Figure 6 presents the variation in battery terminal voltage of the Li-ion battery under different mechanical load torque conditions during speed ramp tests. The results reveal a distinct correlation between load torque and voltage behavior, providing critical insight into the battery’s dynamic response under varying operating conditions. At lower torque levels, such as 1 and 2 N·m (Figure 6a,b), the terminal voltage remains relatively stable across the full speed range, with only minor fluctuations during acceleration phases. This stability reflects lower current demands and reduced internal losses within the battery under light loading conditions.
As the torque demand increases, the voltage profile begins to exhibit more pronounced and sustained drops. In Figure 6c,d, corresponding to 2.5 and 3 N·m, transient voltage dips become apparent during acceleration intervals, indicating elevated current draw due to the increased mechanical load. The most significant effects are observed at the highest torque levels of 3.5 and 4 N·m (Figure 6e,f), where the terminal voltage declines below 62 V during high-speed operation. These voltage reductions are not only deeper but also more sustained, pointing to the increased electrical stress placed on the battery. This behavior is primarily attributed to the internal resistance of the battery and its interaction with the peak current demands during rapid speed changes.
The results underscore the importance of incorporating battery dynamics into system-level modeling and design. The observed sensitivity of voltage behavior to mechanical load conditions highlights potential limitations in high-demand scenarios and the need for effective energy management strategies. Such considerations are essential in BLDC motor drive applications, particularly where performance, efficiency, and reliability must be maintained under varying load conditions.
Figure 7 illustrates the variation in battery current drawn by the BLDC motor under variable speed conditions and fixed mechanical load torques ranging from 1 to 4 N·m. The results clearly demonstrate that battery current increases with both the applied torque and motor speed, highlighting the dynamic electrical demand placed on the power supply during different loading scenarios.
At lower torque levels (Figure 7a,b), the current profiles exhibit a gradual increase in magnitude as the speed ramps up, with only minor fluctuations. This behavior reflects stable operation with low energy consumption and minimal stress on the power supply. As the torque increases (Figure 7c–e), the current traces reveal a noticeable elevation in both average current and peak values, particularly during acceleration phases. The transient oscillations observed are indicative of the motor’s effort to overcome higher mechanical resistance and maintain speed tracking.
At the highest load torque of 4 N·m (Figure 7f), the battery current peaks at approximately 15 A, indicating the system’s maximum electrical load during the test sequence. The sharper current spikes and increased variability further suggest that the drive system is operating near its performance boundaries under this condition. These observations underscore the significant influence of mechanical load on current demand, which directly impacts system efficiency, battery heating, and overall energy management.

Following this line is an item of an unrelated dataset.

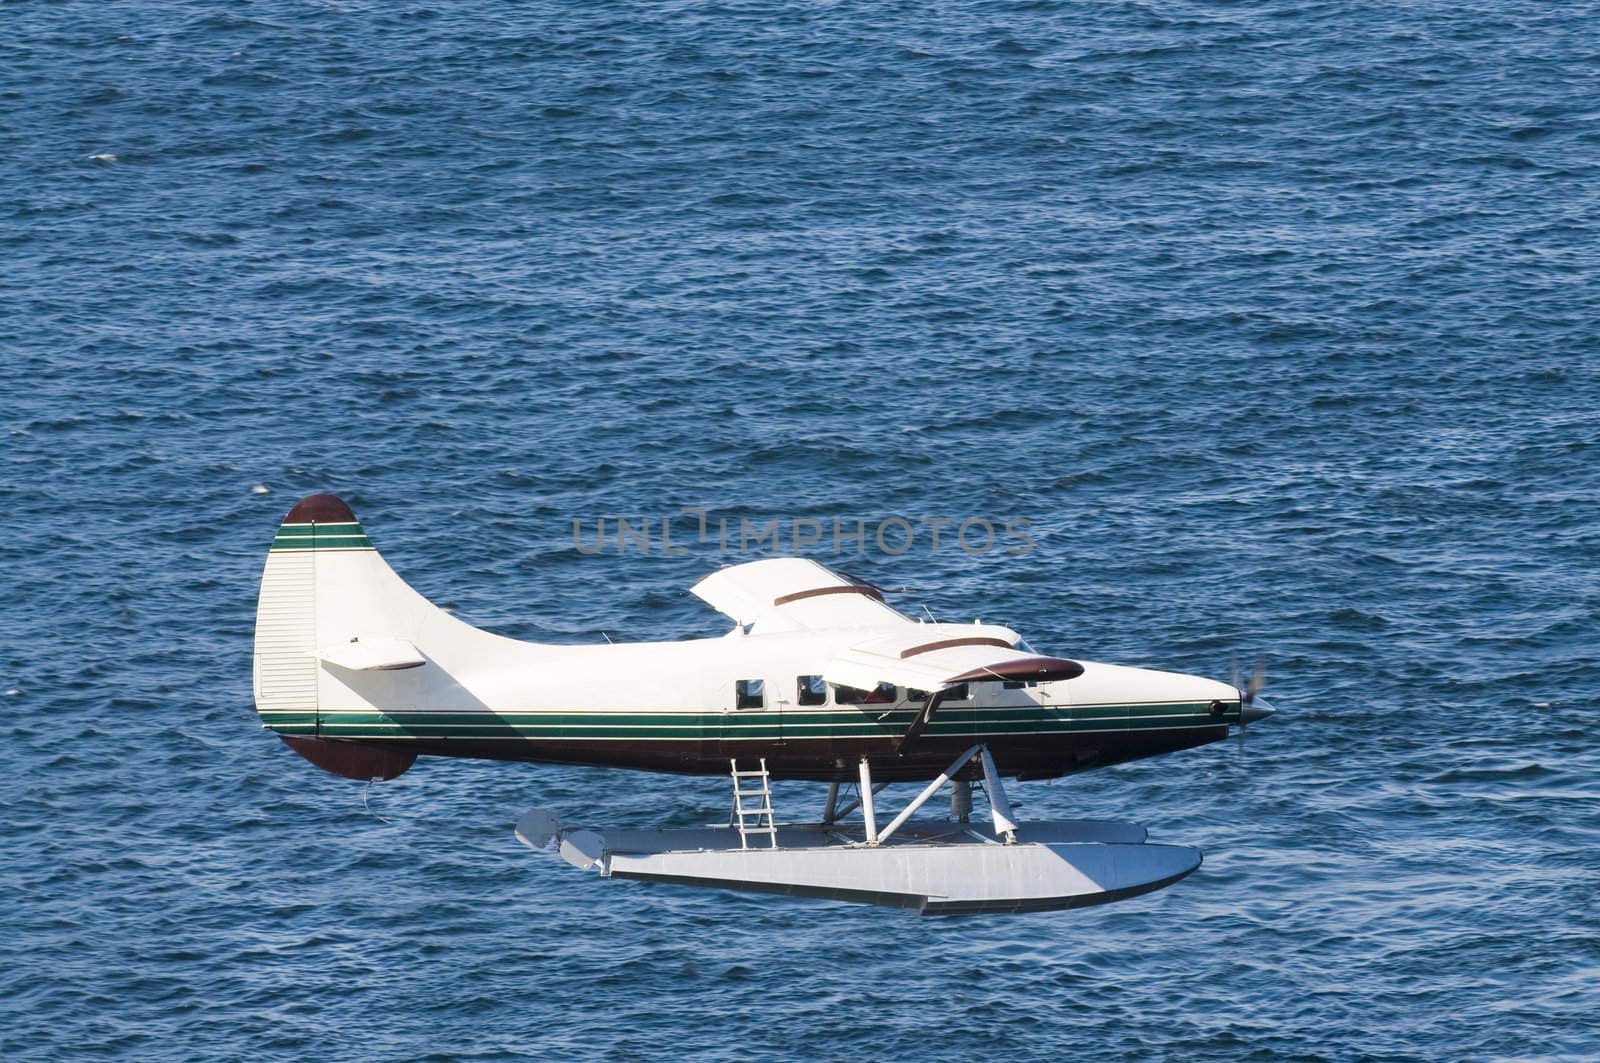 Seaplane coming in to land by jeffbanke

Overall, the results from Figure 7 reinforce the need for careful coordination between torque–speed profiles and power delivery capabilities. Effective control and thermal management strategies become increasingly critical at higher loads to ensure system reliability, protect battery health, and optimize energy utilization in BLDC motor drive systems.
Figure 8 presents the electrical input power characteristics of the BLDC motor during variable-speed operation under fixed mechanical load torque conditions. The input power was computed using real-time measurements of terminal voltage and current of the Li-ion battery, obtained via the Kelly controller’s RS232 interface and processed through a Python-based acquisition system. This analysis enables a comprehensive evaluation of the system’s energy demand in response to varying torque and speed levels.

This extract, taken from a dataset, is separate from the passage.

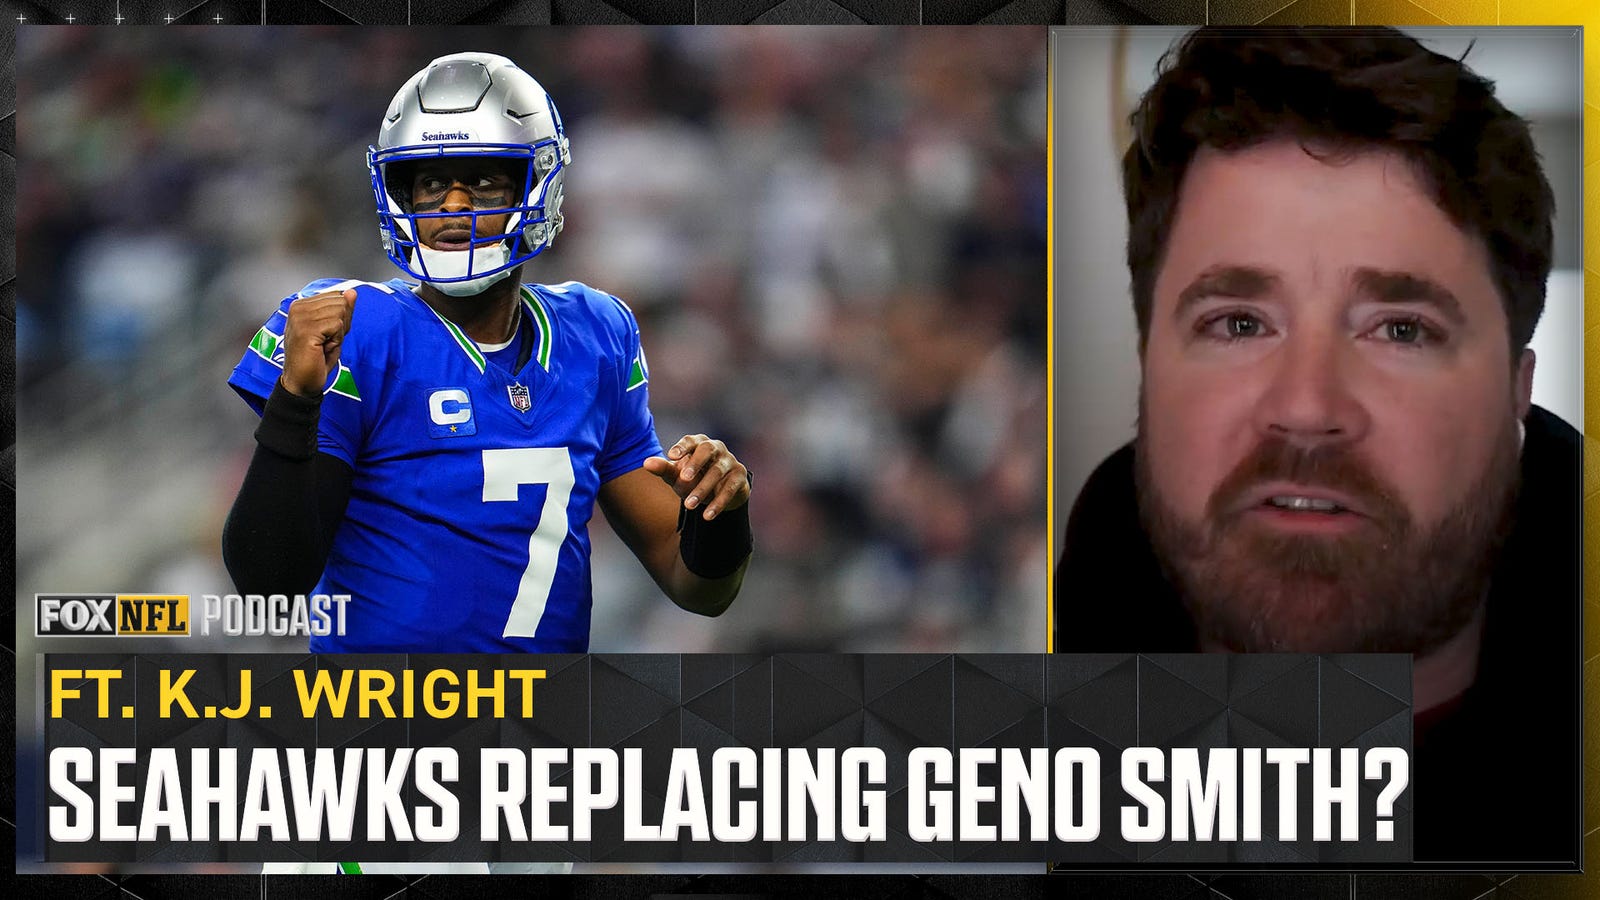 Will the Seahawks replace Geno Smith in the NFL Draft?

At a low load torque of 1 N·m (Figure 8a), the electrical input power increases gradually with speed, remaining below 650 W throughout the operating range. This relatively modest power consumption reflects reduced current draw and low mechanical resistance, leading to efficient motor operation. As the torque increases to 2 N·m and 2.5 N·m (Figure 8b,c), the power demand rises more steeply, with peak values nearing 780 W. This trend is consistent with increased electrical loading needed to sustain the desired speed under greater mechanical resistance.
At higher torque levels of 3 N·m, 3.5 N·m, and 4 N·m (Figure 8d–f), the input power exceeds 850 W during the higher-speed segments, revealing a significant escalation in energy consumption. These operating points represent more strenuous loading conditions, where both the current demand and the back EMF effects increase, thereby amplifying the required input power. Minor fluctuations in the power signal are particularly evident during acceleration phases and are attributed to transient current surges as the motor responds to changes in speed and load.
The results confirm a strong nonlinear dependency of electrical input power on both mechanical torque and speed. As the torque increases, the electrical efficiency of the system tends to decline due to elevated current demand and associated internal losses. These findings highlight the importance of integrating power analysis into motor control and energy management strategies, particularly for applications where sustained operation at high torque and speed is required. The power trends presented in Figure 8 provide a critical foundation for assessing the overall performance and efficiency of BLDC motor drive systems under realistic operational constraints.
Figure 9 presents the mechanical output power of the BLDC motor under variable speed operation and fixed load torque levels ranging from 1 to 4 N·m. The mechanical power was computed in real time as the product of the measured angular speed and the applied torque. The results demonstrate a clear dependency of mechanical power on both speed and torque, with a generally linear trend as expected from fundamental electromechanical principles.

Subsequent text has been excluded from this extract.